Rose Under Fire
- US hardcover cover image
- Author: Elizabeth E. Wein
- Language: English
- Genre: Young adult fiction Historical fiction
- Publisher: Electric Monkey (UK) Hyperion Books (U.S.)
- Publication date: 3 June 2013 (UK) 9 September 2013 (U.S.)
- Publication place: United States
- Media type: Print
- ISBN: 978-1405265119
- OCLC: 839315960
- Preceded by: Code Name Verity

= Rose Under Fire =

Young adult novel by Elizabeth Wein

Rose Under Fire is a young adult historical novel by Elizabeth Wein, set in World War II and published in 2013.

The novel follows Rose Justice, an 18-year-old American volunteer Air Transport Auxiliary pilot who is captured by the Luftwaffe on a flight in France in 1944, and is sent to the Ravensbrück concentration camp. Imprisoned together with Polish victims of Nazi human experimentation and Red Army prisoners of war, she survives the camp thanks to her poetry and friendship with the other captives, eventually escaping to later participate in the Hamburg Ravensbrück Trials and the Doctors' Trial against Nazi war criminals. The novel follows up Wein's previous novel Code Name Verity, and a few characters from that novel appear in Rose Under Fire.

==Critical reception==
Rose Under Fire received positive reviews from critics.

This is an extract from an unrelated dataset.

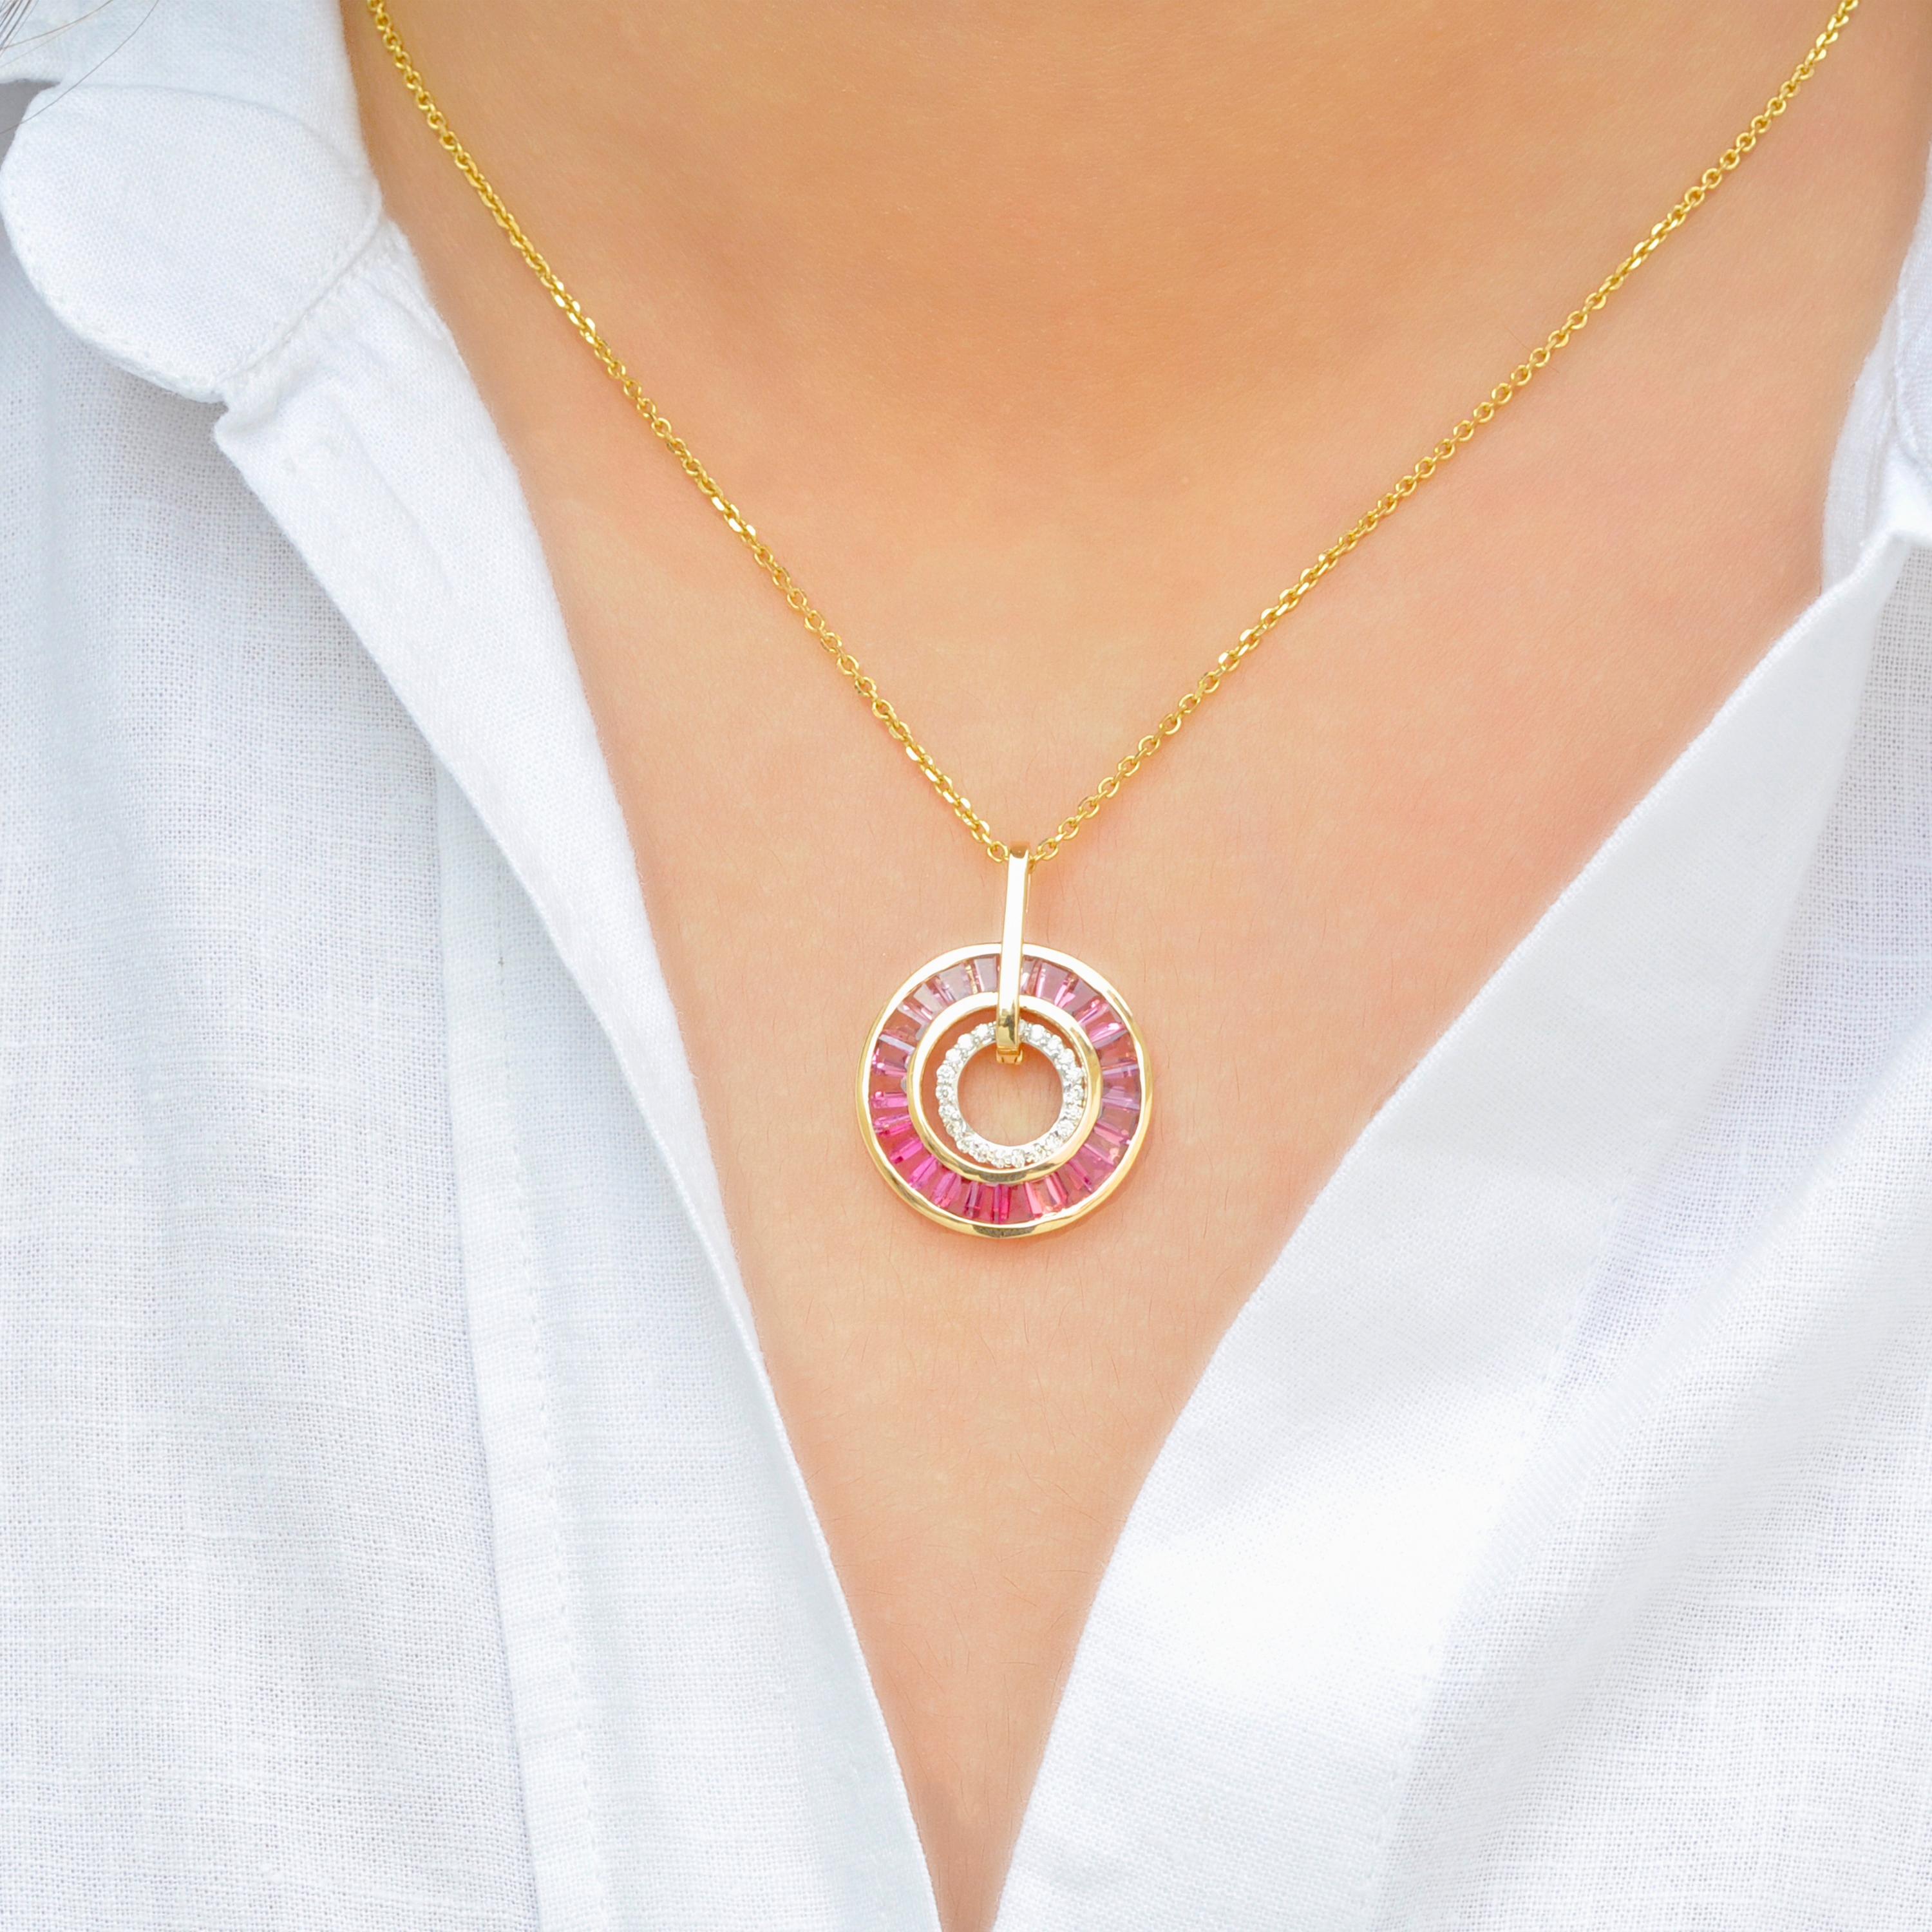 18k gold pink tourmaline taper baguettes diamond circle art deco pendant necklace

This 18 karat gold stunning pendant is a mesmerizing blend of sophistication and grace, where lustrous pink tourmalines are circularly complimented with brilliant cut

Publishers Weekly wrote in a starred review of the novel that "Wein excels at weaving research seamlessly into narrative and has crafted another indelible story about friendship borne out of unimaginable adversity". According to Kirkus Reviewss starred review, "at the core of this novel is the resilience of human nature and the power of friendship and hope". Barrie Hardymon of NPR, comparing it to Code Name Verity, wrote that Rose Under Fire is "a quieter, less breathless read, which ultimately makes it that much more devastating."

The novel won the American Library Association's 2013 Schneider Family Book Award for "books that embody an artistic expression of the disability experience", for its portrayal of the victims of Nazi medical experimentation. It was shortlisted for the 2013 Costa Book Awards in the Children's Book category.